Working with recombinant Y. pestis atpE presents several technical challenges due to its nature as a small, hydrophobic membrane protein. The following table outlines common issues and their solutions:

Addressing these challenges requires careful optimization of each step from expression to storage, with particular attention to maintaining the native-like environment for this membrane protein.

How should researchers design experiments to study the interaction between Y. pestis atpE and potential inhibitors?

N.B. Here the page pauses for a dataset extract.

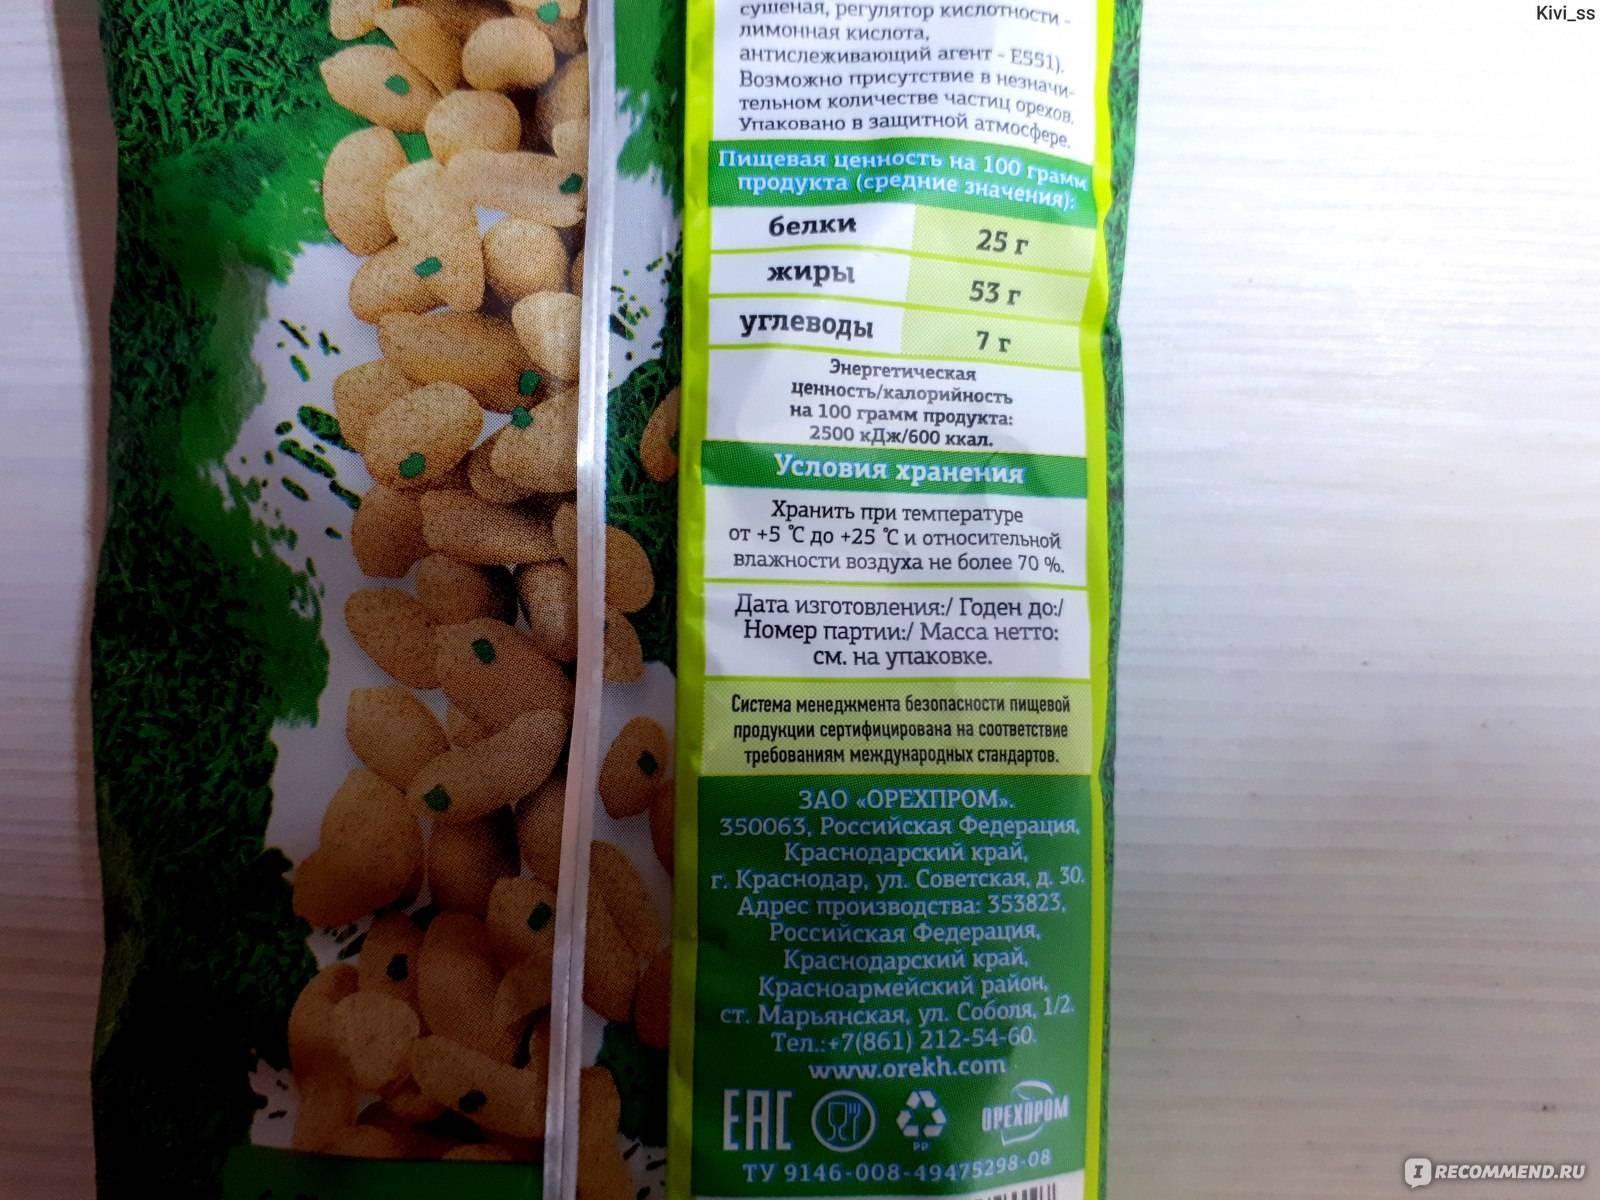 Арахис жареный — калорийность (сколько калорий в 100 граммах)

Designing robust experiments to study interactions between Y. pestis atpE and potential inhibitors requires a multi-faceted approach combining biophysical, biochemical, and computational methods:

• Initial Screening Approaches:

  • In silico screening:

    • Molecular docking using homology models of Y. pestis atpE

    • Virtual screening of compound libraries against predicted binding pockets

    • Selection of compounds with predicted favorable binding energies

  • Thermal shift assays:

    • Differential scanning fluorimetry to detect stabilizing compounds

    • Comparison of melting temperatures (Tm) in presence vs. absence of compounds

    • High-throughput format suitable for initial compound screening

• Direct Binding Assays:

  • Isothermal Titration Calorimetry (ITC):

    • Quantitative measurement of binding thermodynamics

    • Determination of binding constants, stoichiometry, enthalpy, and entropy

    • Protocol modification for membrane proteins in detergent micelles

  • Surface Plasmon Resonance (SPR):

    • Real-time binding kinetics measurements

    • Association and dissociation rate constants determination

    • Immobilization strategies optimized for membrane proteins

• Functional Inhibition Assays:

  • Reconstituted liposome systems:

    • Measurement of proton translocation in presence of inhibitors

    • Detection of inhibition using pH-sensitive fluorescent dyes

    • Dose-response curves to determine IC50 values

  • Whole-cell ATP synthesis inhibition:

    • Assessment of cellular ATP levels using luciferase-based assays

    • Correlation between inhibitor concentration and ATP production

    • Control experiments with other energy-producing pathways

• Structural Studies of Inhibitor Binding:

  • X-ray crystallography or cryo-EM:

    • Co-crystallization or soaking with inhibitors

    • Structure determination of atpE-inhibitor complexes

    • Identification of binding sites and interaction mechanisms

  • NMR spectroscopy:

    • Chemical shift perturbation assays for mapping binding sites

    • STD-NMR for epitope mapping of bound inhibitors

    • HSQC experiments to monitor conformational changes

• Validation in Biological Systems:

  • Growth inhibition assays:

    • Correlation between atpE inhibition and bacterial growth inhibition

    • Specificity testing against other bacterial species

    • Cytotoxicity assessment against mammalian cells

  • Resistance development studies:

    • Serial passage in sub-inhibitory concentrations

    • Sequencing of atpE in resistant strains

    • Characterization of resistance mechanisms

This comprehensive experimental design framework enables thorough characterization of inhibitor interactions with Y. pestis atpE and assessment of their potential as antimicrobial agents.